Teknolojik araştırma ve geliştirme süreci hiç bitmeyen bir maraton. Bu maratonda ne kadar başarılı olursak olalım, her zaman yolun başında olduğumuzu varsaymak durumundayız. Önümüzde her zaman daha büyük hedefler beklemekte. Bizden çok önce bu yolculuğa çıkmış ülkelere yetişmek ve geçmek için tek yol AR-GE'de, teknolojide, inovasyonda yetkinliğimizi artırmak. Biliyoruz ki ancak teknolojiyi etkin kullanan ve üreten bir ülke olarak rekabet gücümüzü artırabilir ve dünyanın ilk 10 ekonomisi içerisine girme hedefimizi yakalayabiliriz.
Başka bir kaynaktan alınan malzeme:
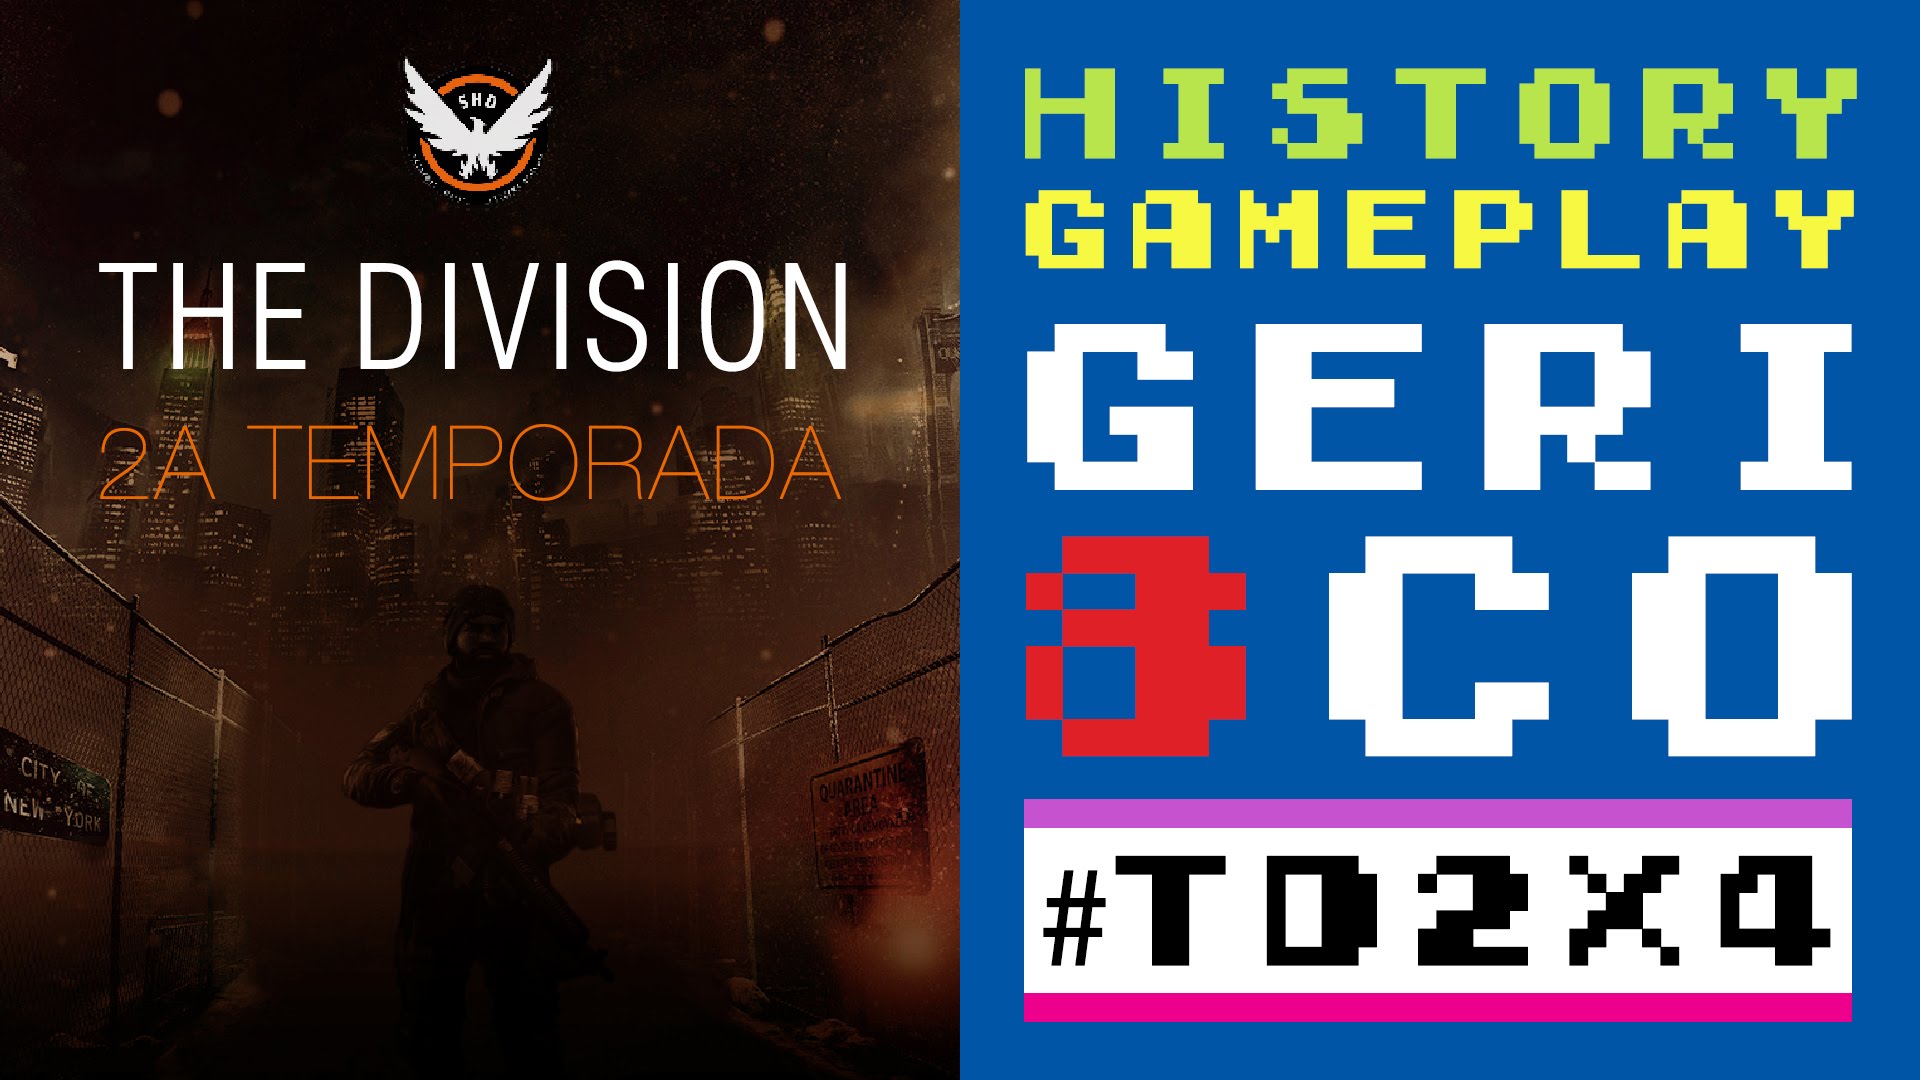 THE DIVISION 2A TEMPORADA (HISTORY GAMEPLAY) #TD2X4 de GERI8CO

Dünya Ekonomik Forumu tarafından hazırlanan rekabet gücü bağlamındaki ölçütlere göre de,  Türkiye küresel rekabetçilik endeksinde 2012-2013 sıralamasında bir önceki yıla göre 16 sıra yükselerek 144 ülke içerisinde 43. sıraya yerleşti. Bunda kamu ve özel sektörün çabalarının önemli payı var. Endeksin alt bileşenlerine baktığımızda ise inovasyonda halen ortalamanın altında olduğumuz görülüyor.
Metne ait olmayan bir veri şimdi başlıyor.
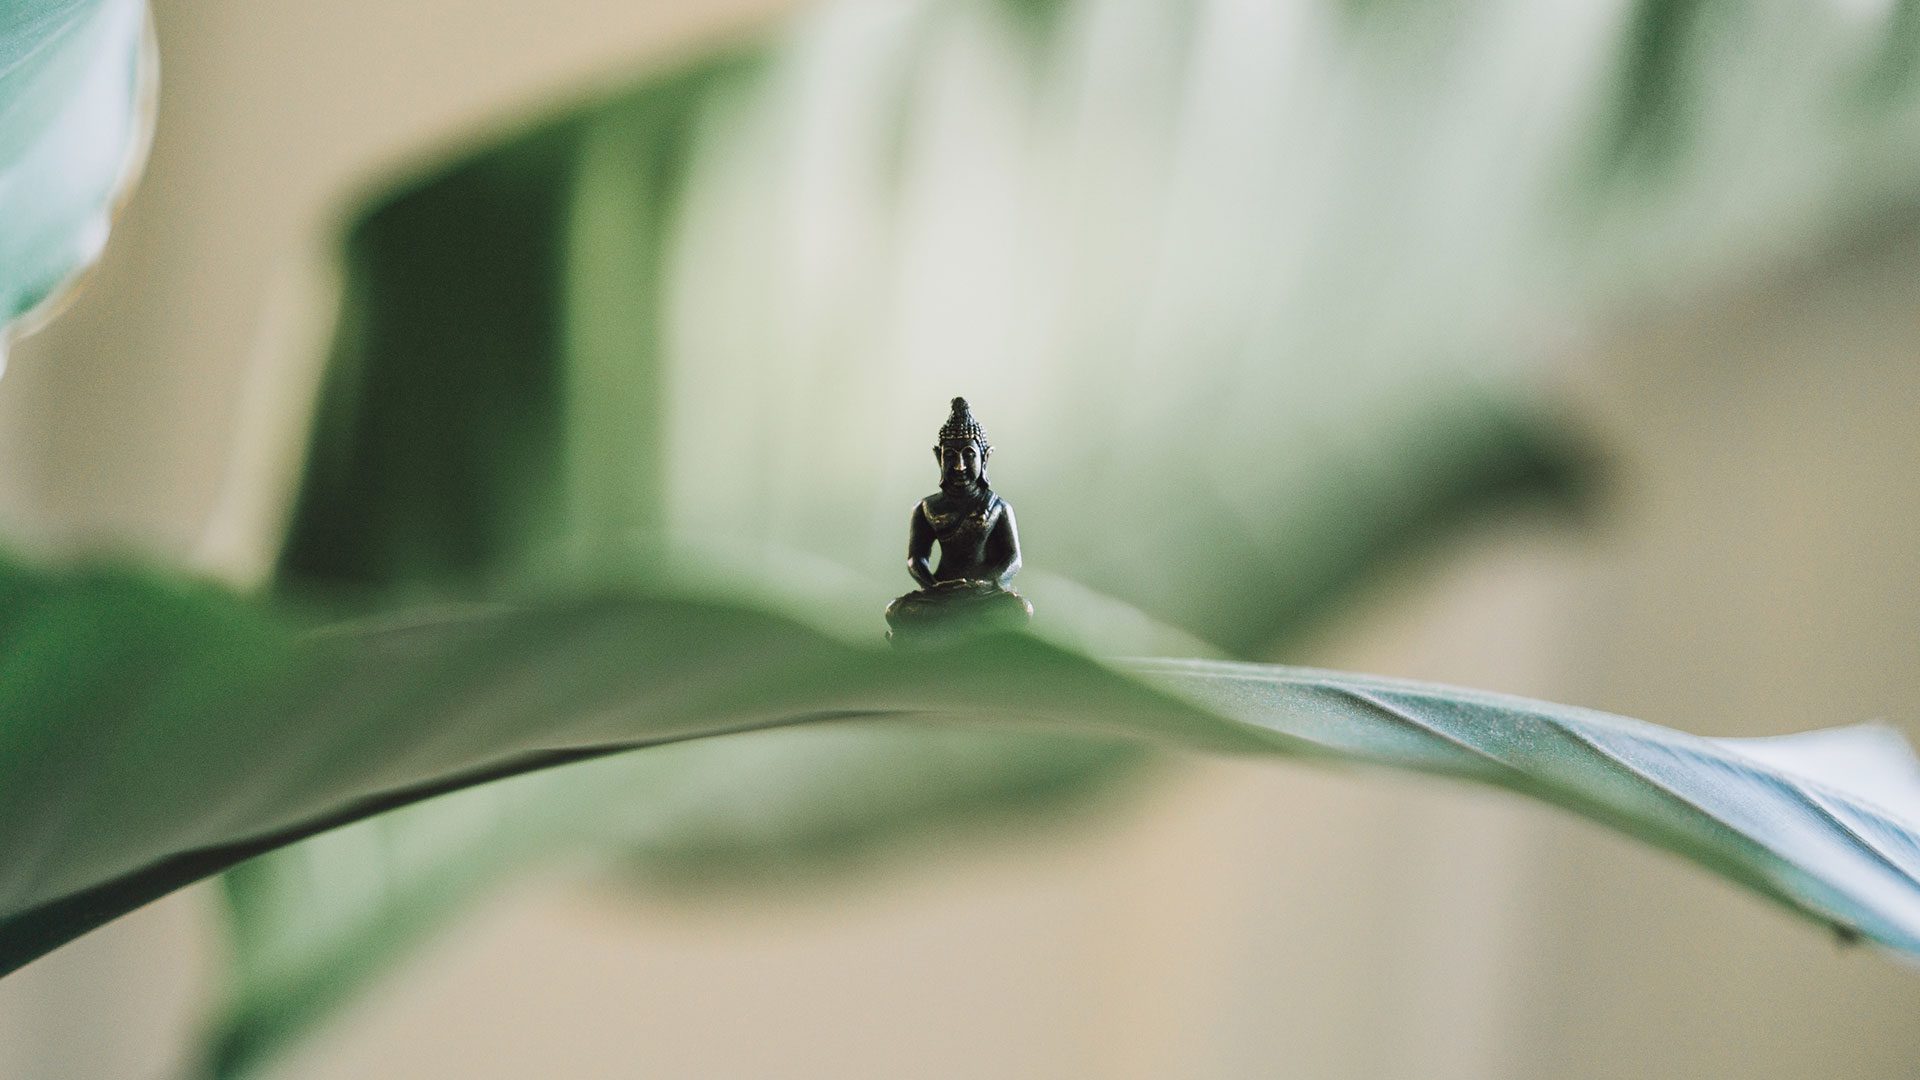 Little Buddha statue meditating on a leaf

İnovasyon kapasitesini belirleyen birçok alt ölçüt söz konusu; bilimsel araştırma kurumlarının niteliği, şirketlerin Ar-Ge harcamaları, üniversite-sanayi işbirliği, yetişmiş insan gücü, patentler, fikri mülkiyet hakları… Bu alanlardan her birinde kaydedeceğimiz ilerleme inovasyon kapasitemizi geliştirecektir. Türkiye’de Ar-Ge harcamaları 2011 yılında bir önceki yıla göre yüzde 20 artarak yaklaşık 12 milyar TL olarak gerçekleşti. Ar-Ge Harcamalarının GSYİH’ye oranı yüzde 0,86; ülkemizin 2023 yılı hedefi bu oranı %3’e çıkarmak. Özel sektörümüzün Ar-Ge Harcamalarının GSYİH’ye oranının ise 2023’te % 2’ye ulaşması arzu ediliyor.
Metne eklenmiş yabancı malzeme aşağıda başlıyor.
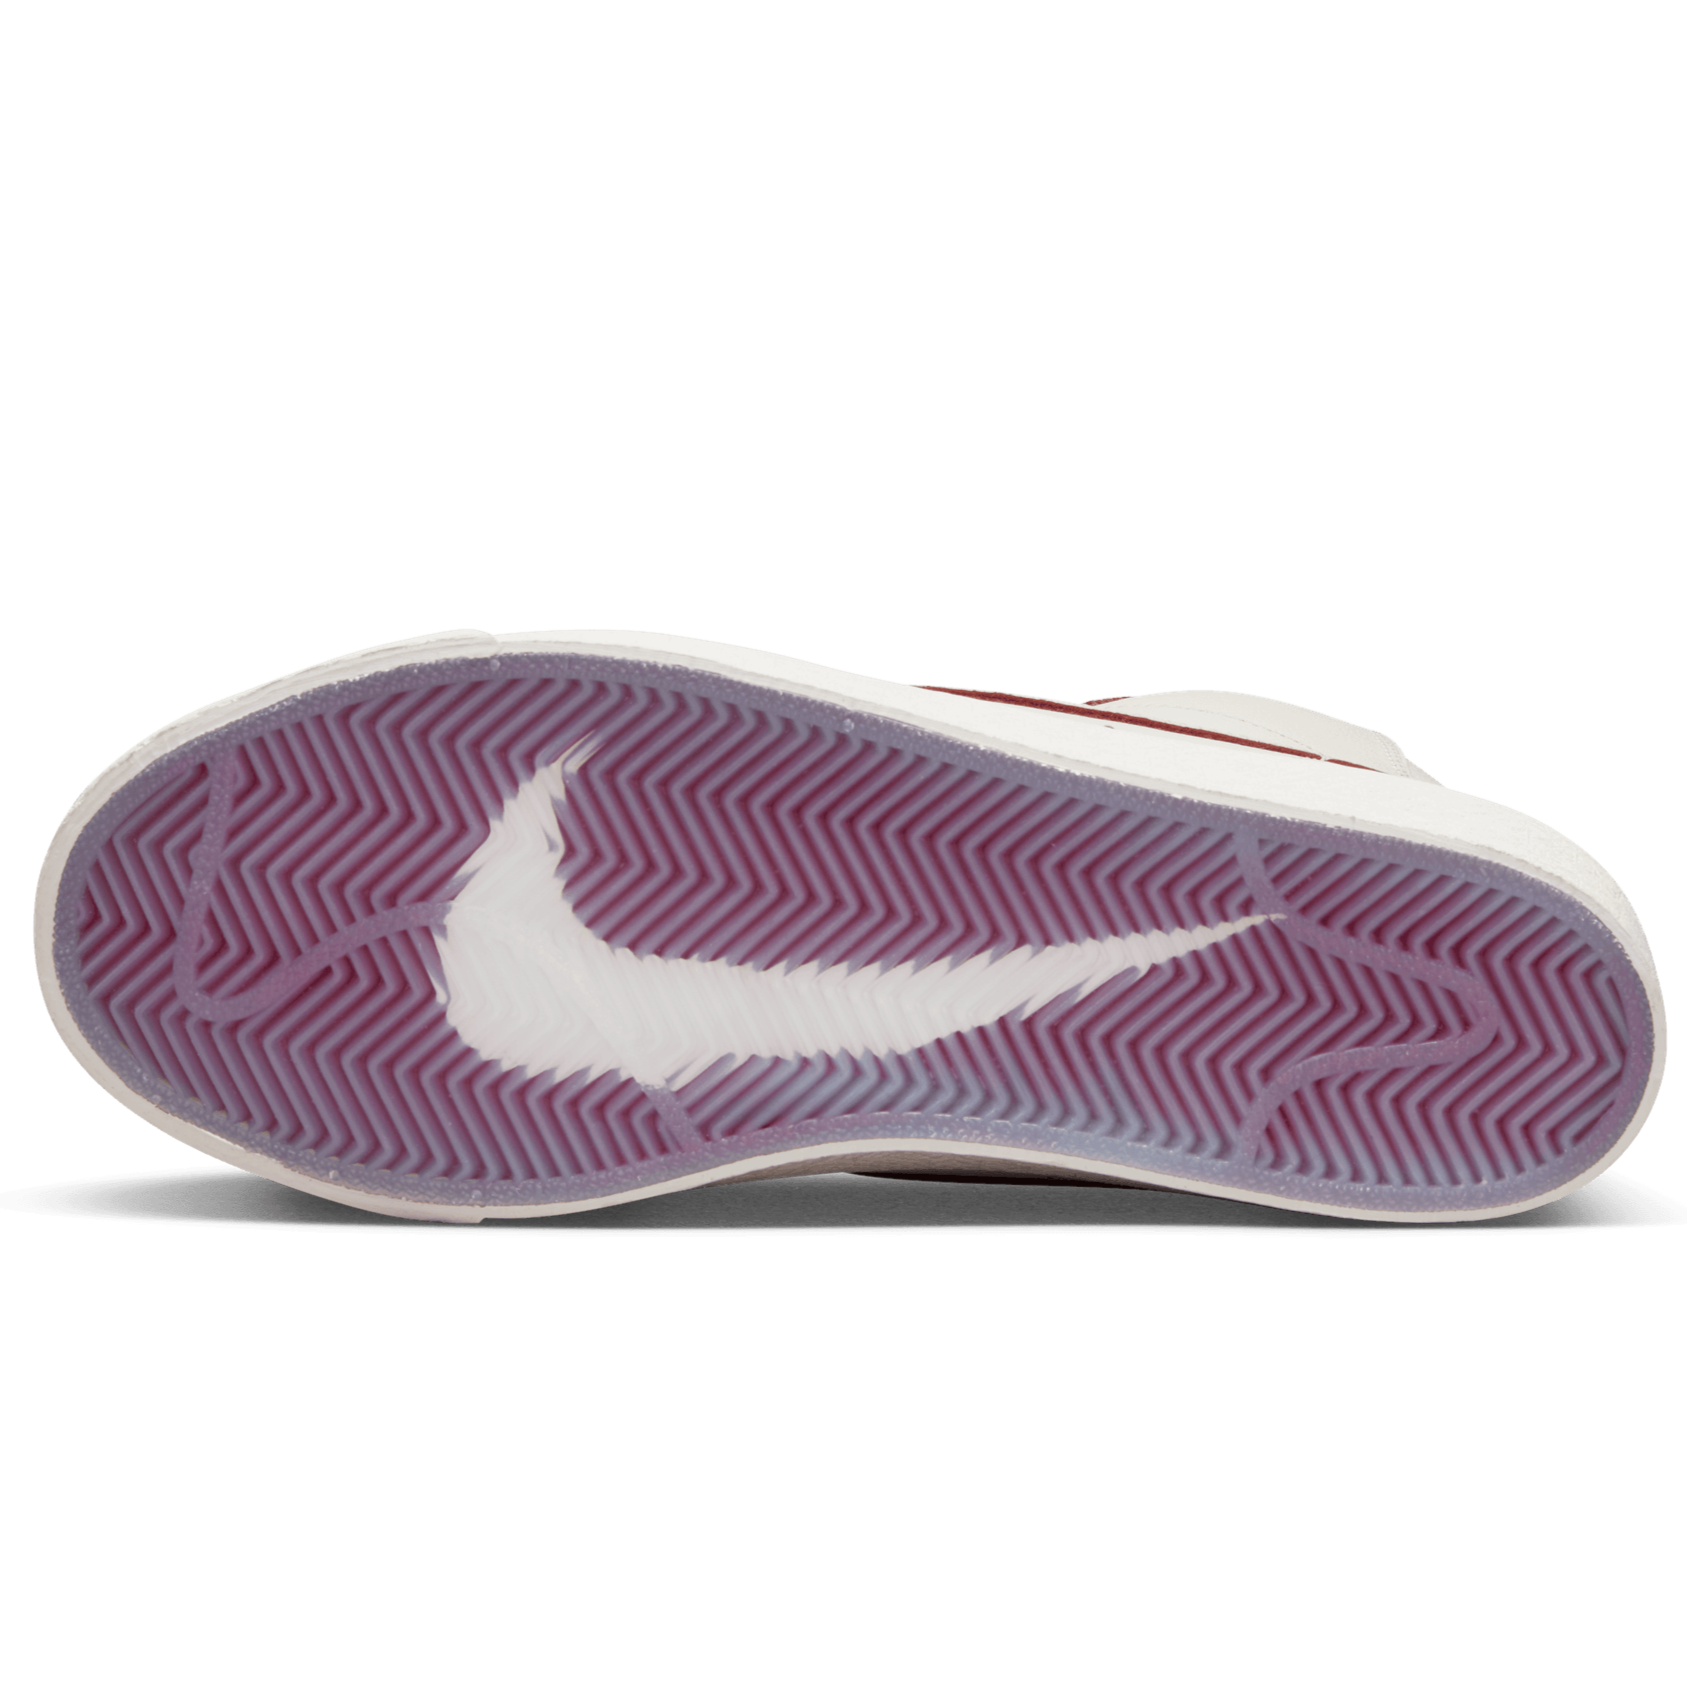 Welcome Madrid Nike SB Blazer Mid Skate Shoe Bottom

Bu hedeflere ulaşmak için, son yıllarda memnuniyet verici şekilde sürekli artan Ar-Ge harcamalarının devam etmesi kadar, rekabet öncesi işbirliklerinin artırılması,  teknoloji geliştirme bölgelerinin hem akademiyle hem de firmalar ile işbirliğinin etkinleştirmesi gibi alanlarda gelişme kaydetmemiz de çok önemli. İlaveten, Ar-Ge teşvik mekanizmalarının daha verimli nasıl kullanılabileceği gibi konuların da sürekli değerlendirilmesi gerekiyor. Ar-Ge yatırım oranını hızla artırırken diğer yandan teknik altyapıdan hukuki altyapıya kadar geniş bir alanda kamu-özel sektör işbirliği çerçevesinde yenilikçi adımlar atabilmeliyiz. Son olarak, inovasyonun nitelikli eğitimden ayrı ve bağımsız bir kavram olarak değerlendirilemeyeceğine de dikkat çekmek istiyorum. Ülkelerin rekabet gücü nitelikli işgücünün varlığı ile doğru orantılıdır. Okul öncesi eğitiminden başlayarak eğitim sisteminin her kademesinde araştırmacılığı ve yenilikçiliği ön plana çıkarmalı ve buna yönelik politikaları da vazgeçilmez ve acil olarak uygulamaya koymalıyız.

Değerli konuklar,

Teknoloji Ödülleri ile ülkemizin teknoloji üreten yenilikçi yüzünü tanıtmaya gayret ediyoruz. Teknoloji Ödülleri’nde yer almak, firmalar için, teknolojik üstünlüklerinin tescillenmesi anlamına geliyor. Rekabetin giderek zorlaştığı bir ortamda, ödüle başvurup başarılarını geniş bir kitleyle paylaşabilmek firmalarımız için önemli bir fırsattır; kendilerini bu fırsattan yararlanmaya davet ediyoruz.